Use the Deduplication activity’s Merge functionality deduplication-merge
About this use case about-this-use-case
This use case describes how to use of the Merge functionality in the Deduplication activity.
For more information on this functionality, refer to this section.
The Deduplication activity is used for removing duplicate rows from a data set. In this use case, the data shown below is duplicated based on the Email field.
With the Deduplication activity’s Merge fonctionality, you can configure a set of rules for the deduplication to define a group of fields to merge into a single resulting data record. For example, with a set of duplicate records, you can choose to keep the oldest phone number or most recent name.
Activating the Merge functionality activating-merge
To enable the merge functionality, you first need to configure the Deduplication activity. To do this, follow these steps:
-
Open the activity, then click the [Edit configuration] link.
-
Select the reconciliation field to use for the deduplication, then click Next. In this example, we want to deduplicate based on the email field.
-
Click the Advanced parameters link, then activate the Merge records and Use several record merging criteria options.
-
The Merge tab is added to the Deduplication configuration screen. We will use this tab to specify the data to merge when performing deduplication.
Configuring the fields to merge configuring-rules
Here are the rules we want to use to merge the data into a single record:
- Keep the most recent name (first name and last name fields),
- Keep the most recent mobile phone,
- Keep the oldest phone number,
- All fields in a group must be non-null to be eligible for the final record.

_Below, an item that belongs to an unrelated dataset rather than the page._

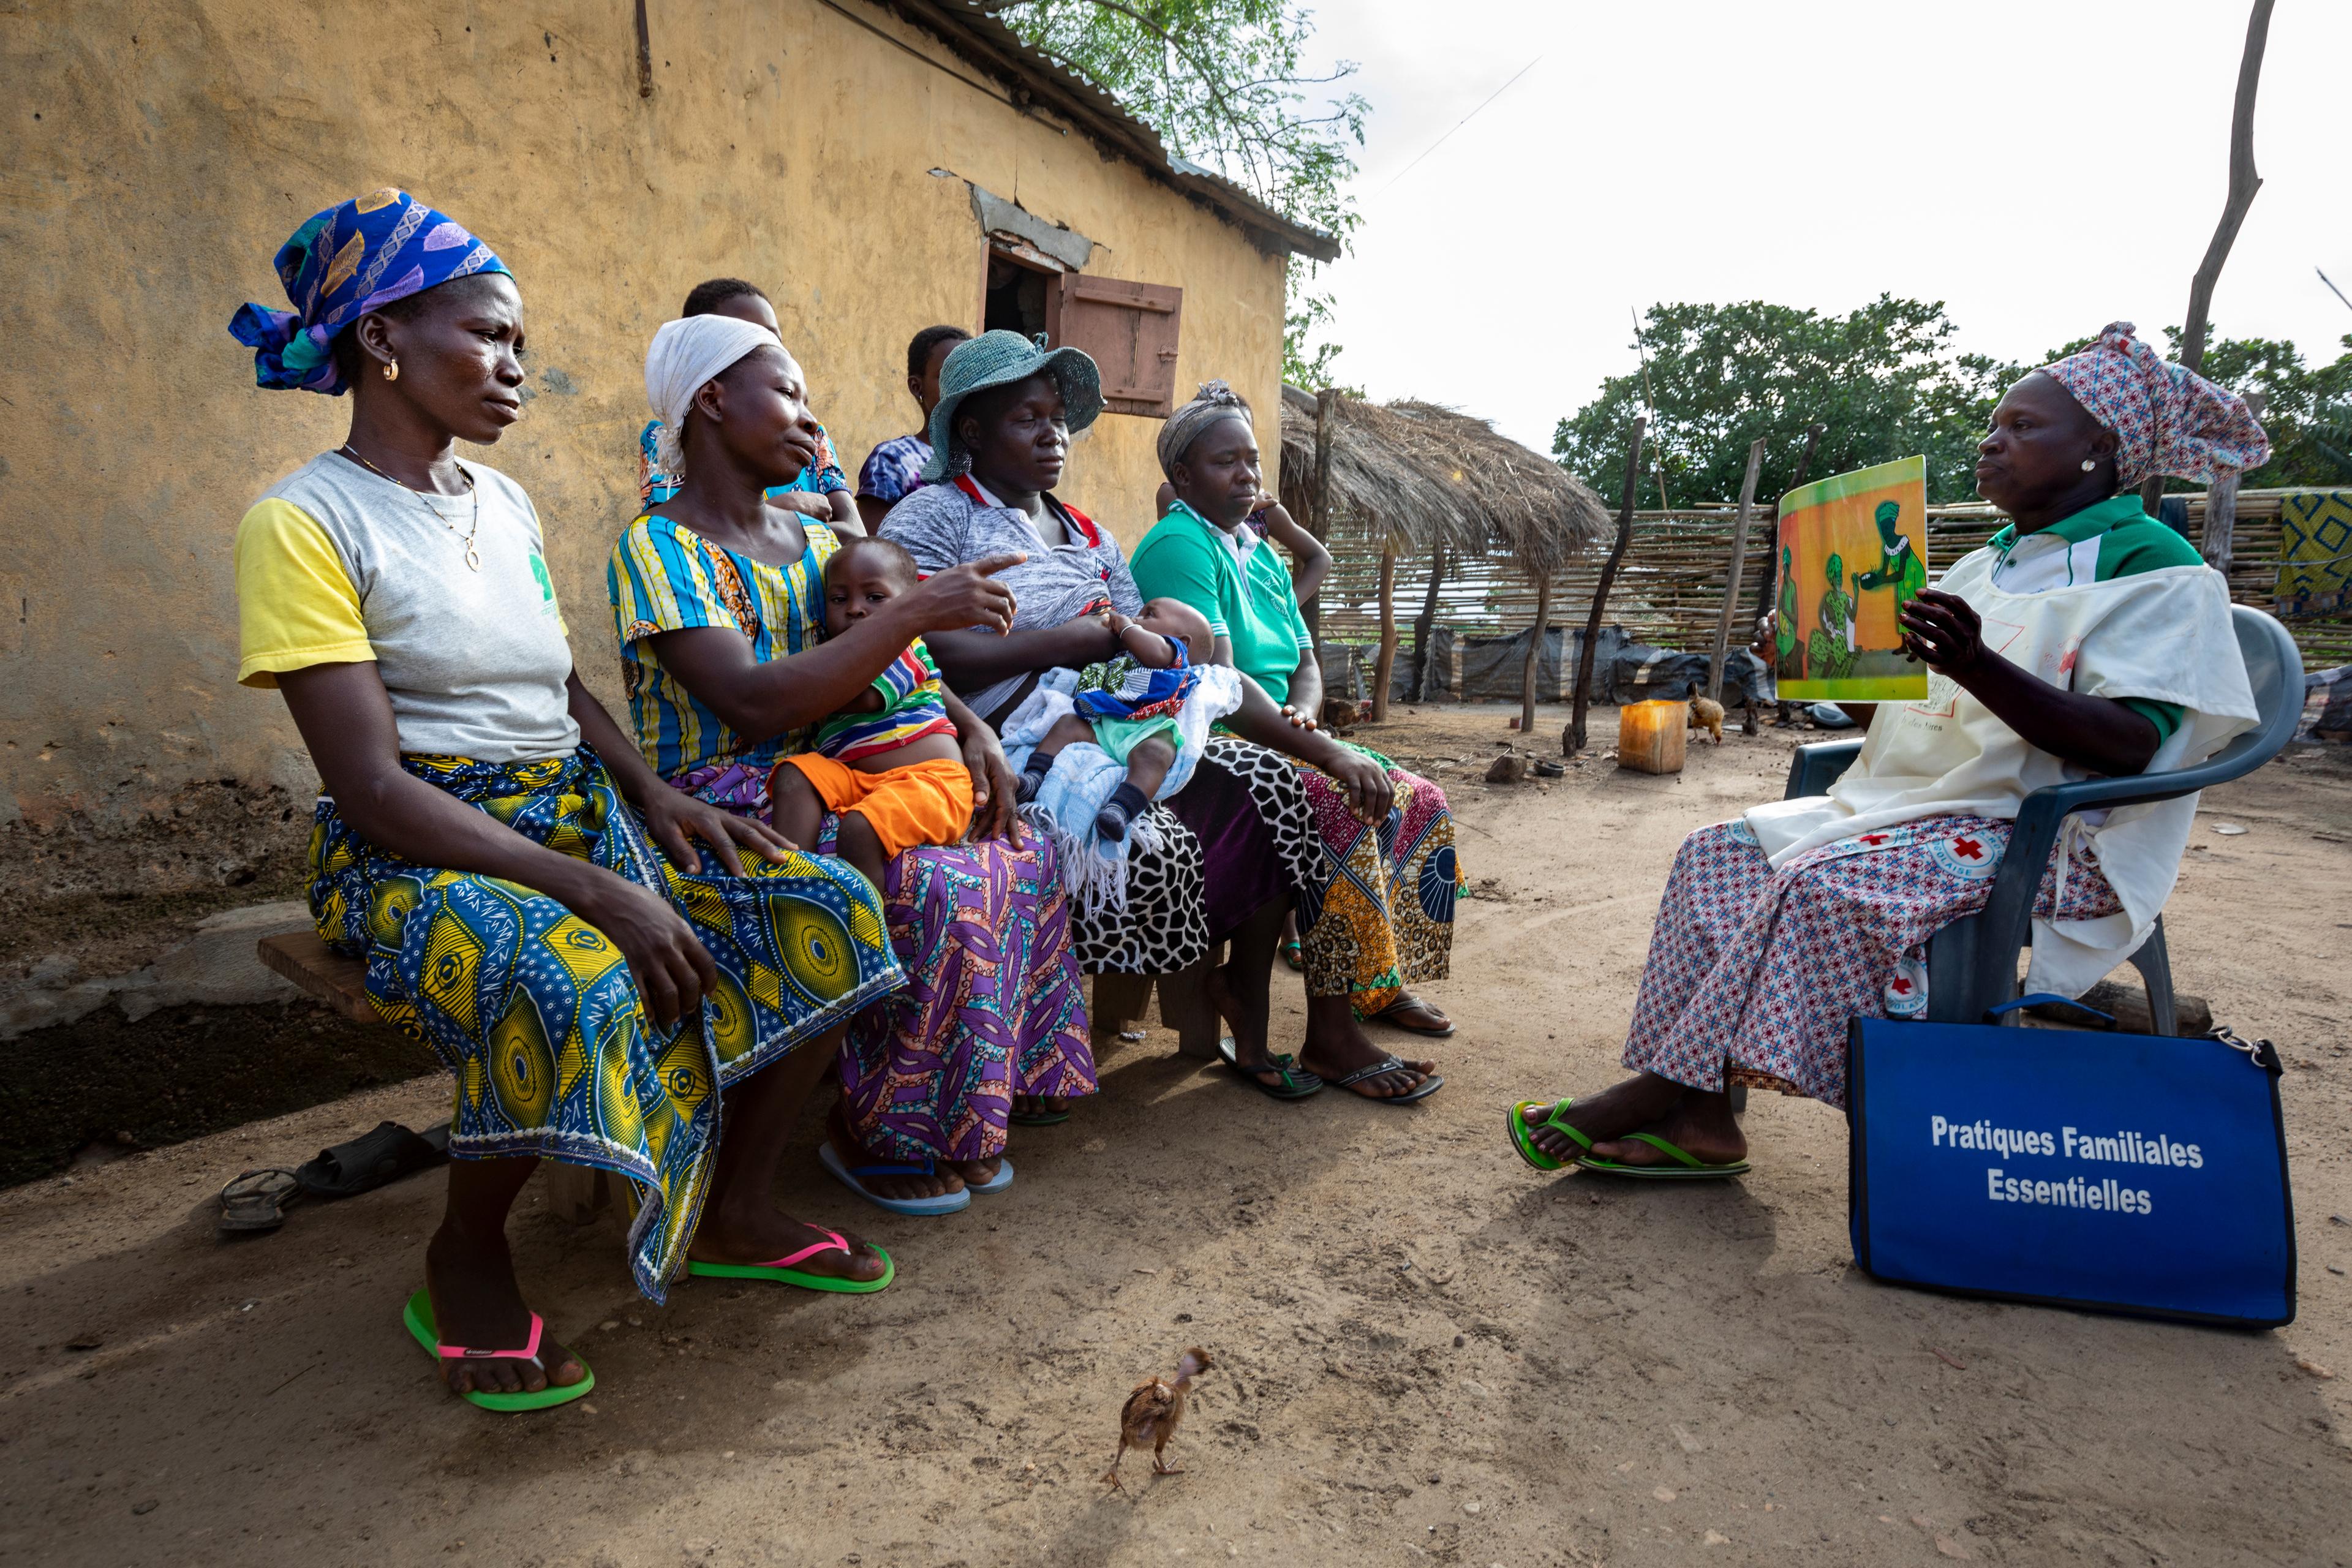 Quatre Africaines sont assises sur un banc en bois devant une maison en torchis, deux d’entre elles ont un bébé dans les bras. Une femme portant une blouse de la Croix-Rouge est assise en face d’elles. Elle leur montre un dessin représentant une scène de vie villageoise avec des femmes, dont des mères.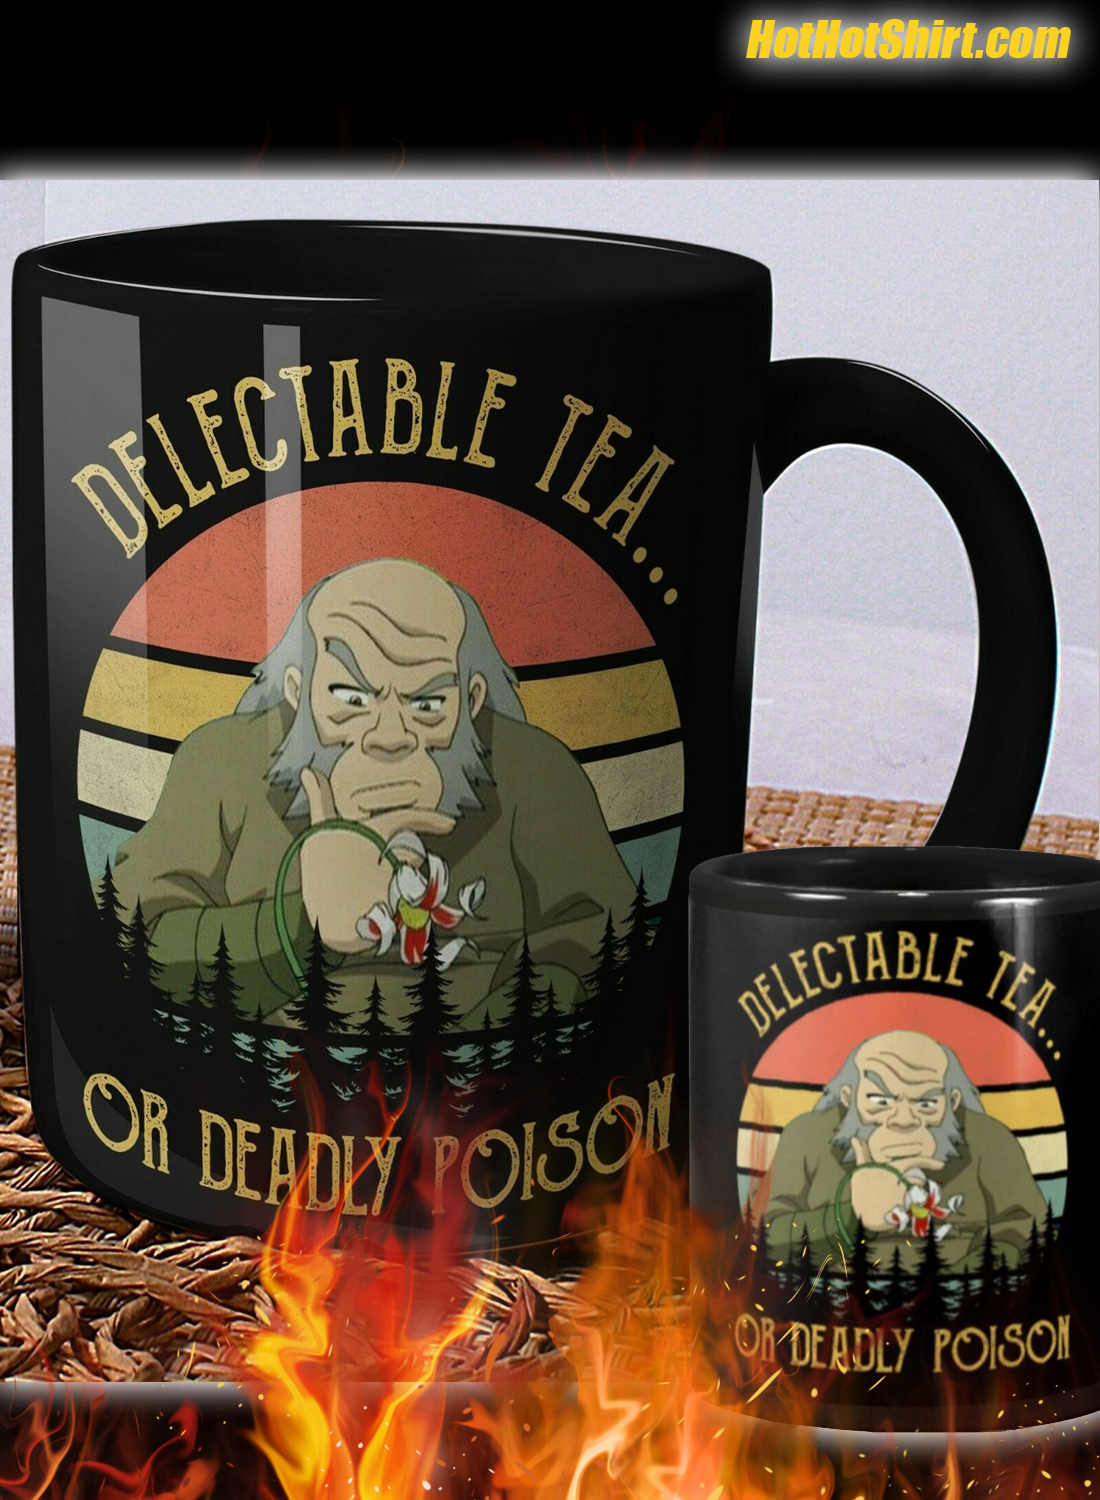 Delectable Tea Or Deadly Poison Mug

To configure these rules, follow these steps:
-
Open the Merge tab, then click the Add button.
-
Specify the identifier and label of the group of fields to be merged.
-
Indicate the conditions for selecting the records to be taken into account.
-
Sort on the last modification date in order to select the most recent name.
-
Select the fields to merge. In this example, we want to keep the first name and last name fields.
-
The fields are added to the set of data to merge and a new element is added to the workflow schema.
Repeat these steps to configure the mobile phone and phone fields.
Results results
After configuring these rules, the following data is received at the end of the Deduplication activity.
The result is merged from the three records according to the rules configured earlier. After comparison, it is concluded that the most recent name and mobile phone are used, along with the original phone number.